OpenSearch creates a star-tree index structure based on this configuration. Each node in the tree corresponds to a value (or wildcard *) for a dimension. At query time, OpenSearch traverses the tree based on the dimension values provided in the query.

Leaf nodes

Leaf nodes contain the precomputed metric aggregations for specific combinations of dimensions. These are stored as doc values and referenced by star-tree nodes.

The max_leaf_docs setting controls how many documents each leaf node can reference, which helps keep query latency predictable by limiting how many documents are scanned for any given node.

Star nodes

A star node (marked as * in the following diagram) aggregates all values for a particular dimension. If a query doesn’t specify a filter for that dimension, OpenSearch retrieves the precomputed aggregation from the star node instead of iterating over multiple leaf nodes. For example, if a query filters on port but not status, OpenSearch can use a star node that aggregates data for all status values.

How queries use the star-tree

The following diagram shows a star-tree index created for this example and three example query paths. In the diagram, notice that each branch corresponds to a dimension (status and port). Some nodes contain precomputed aggregation values (for example, Sum(size)), allowing OpenSearch to skip unnecessary calculations at query time.

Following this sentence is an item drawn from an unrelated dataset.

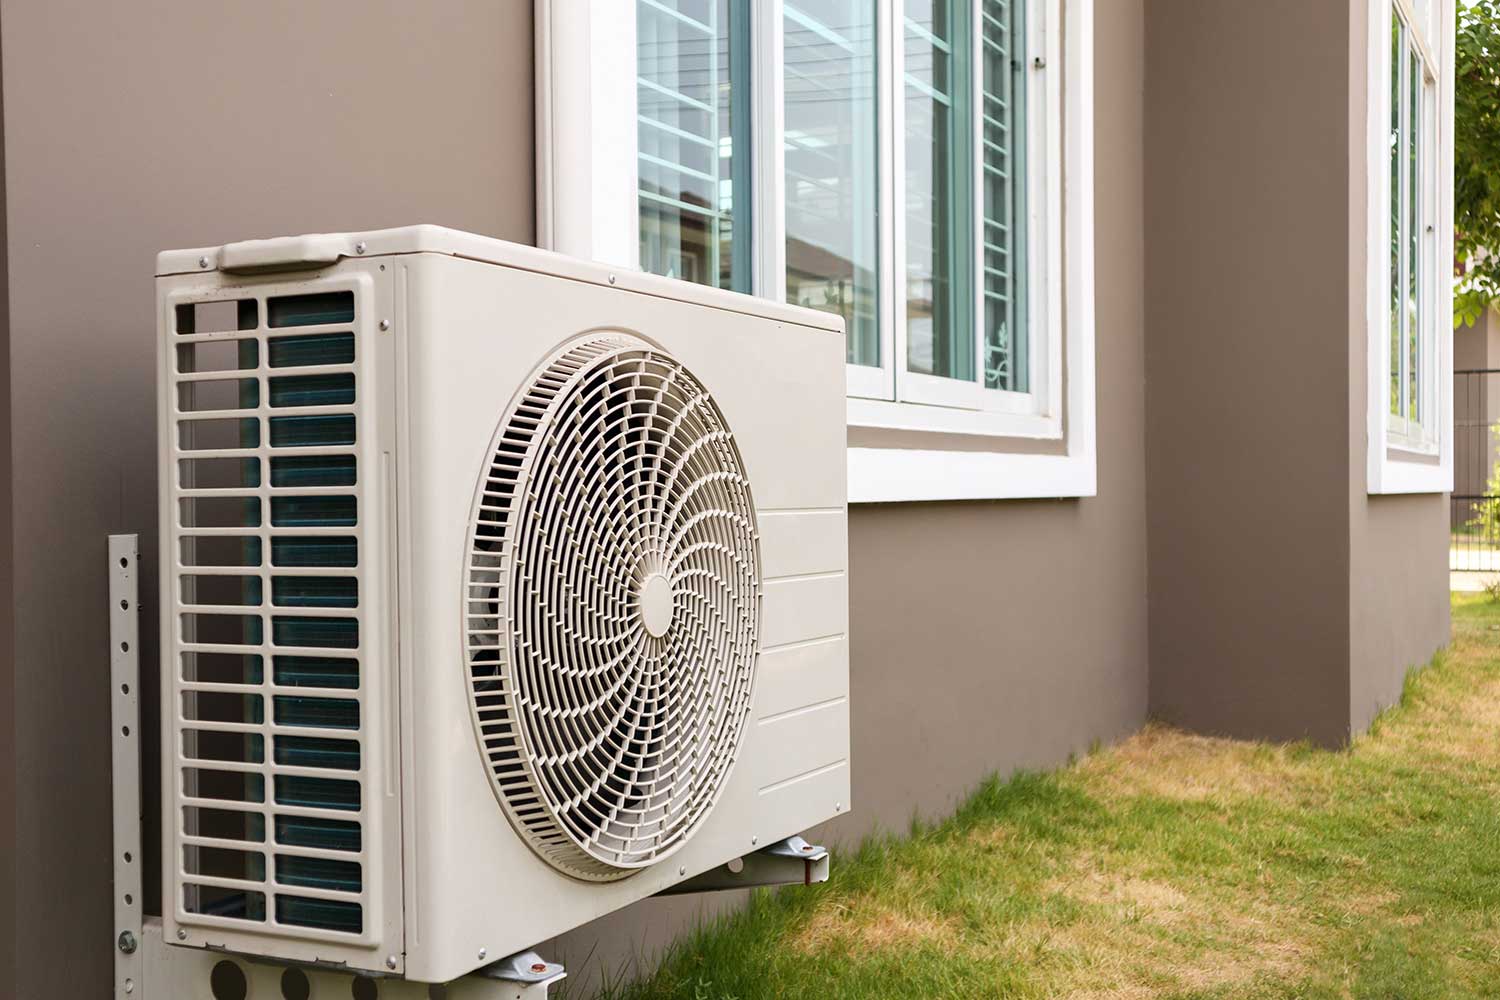 Air conditioning savings is about the kilowatts

A star-tree index containing two dimensions and two metrics

The colored arrows show three query examples:

  • Blue arrow: Multi-term query with metric aggregation The query filters on both status = 200 and port = 5600 and calculates the sum of request sizes.

    • OpenSearch follows this path: Root → 200 → 5600
    • It retrieves the metric from Doc ID 1, where Sum(size) = 988
  • Green arrow: Single-term query with metric aggregation The query filters on status = 200 only and computes the average request latency.

    • OpenSearch follows this path: Root → 200 → *
    • It retrieves the metric from Doc ID 5, where Avg(latency) = 70
  • Red arrow: Single-term query with metric aggregation The query filters on port = 8443 only and calculates the sum of request sizes.

    • OpenSearch follows this path: Root → * → 8443
    • It retrieves the metric from Doc ID 7, where Sum(size) = 1111

These examples show how OpenSearch selects the shortest path in the star-tree and uses pre-aggregated values to process queries efficiently.

Limitations

Note the following limiations of star-tree indexes:

  • Star-tree indexes do not support updates or deletions. To use a star-tree index, data should be append-only. See Enabling a star-tree index.
  • A star-tree index only works for aggregation queries that filter on dimension fields and aggregate metric fields defined in the index’s star-tree configuration.
  • Any changes to a star-tree configuration require reindexing.
  • Array values are not supported.
  • Only specific queries and aggregations are supported.
  • Avoid using high-cardinality fields like _id as dimensions because they can significantly increase storage use and query latency.

Enabling a star-tree index

Star-tree indexing behavior is controlled by the following cluster-level and index-level settings. Index-level settings take precedence over cluster settings.

Setting Scope Default Purpose
indices.composite_index.star_tree.enabled Cluster true Enables or disables star-tree search optimization across the cluster.
index.composite_index Index None Enables star-tree indexing for a specific index. Must be set when creating the index.
index.append_only.enabled Index None Required for star-tree indexes. Prevents updates and deletions. Must be true.
index.search.star_tree_index.enabled Index true Enables or disables use of the star-tree index for search queries on the index.

Setting indices.composite_index.star_tree.enabled to false prevents OpenSearch from using star-tree optimization during searches, but the star-tree index structures are still created. To completely remove star-tree structures, you must reindex your data without the star-tree mapping.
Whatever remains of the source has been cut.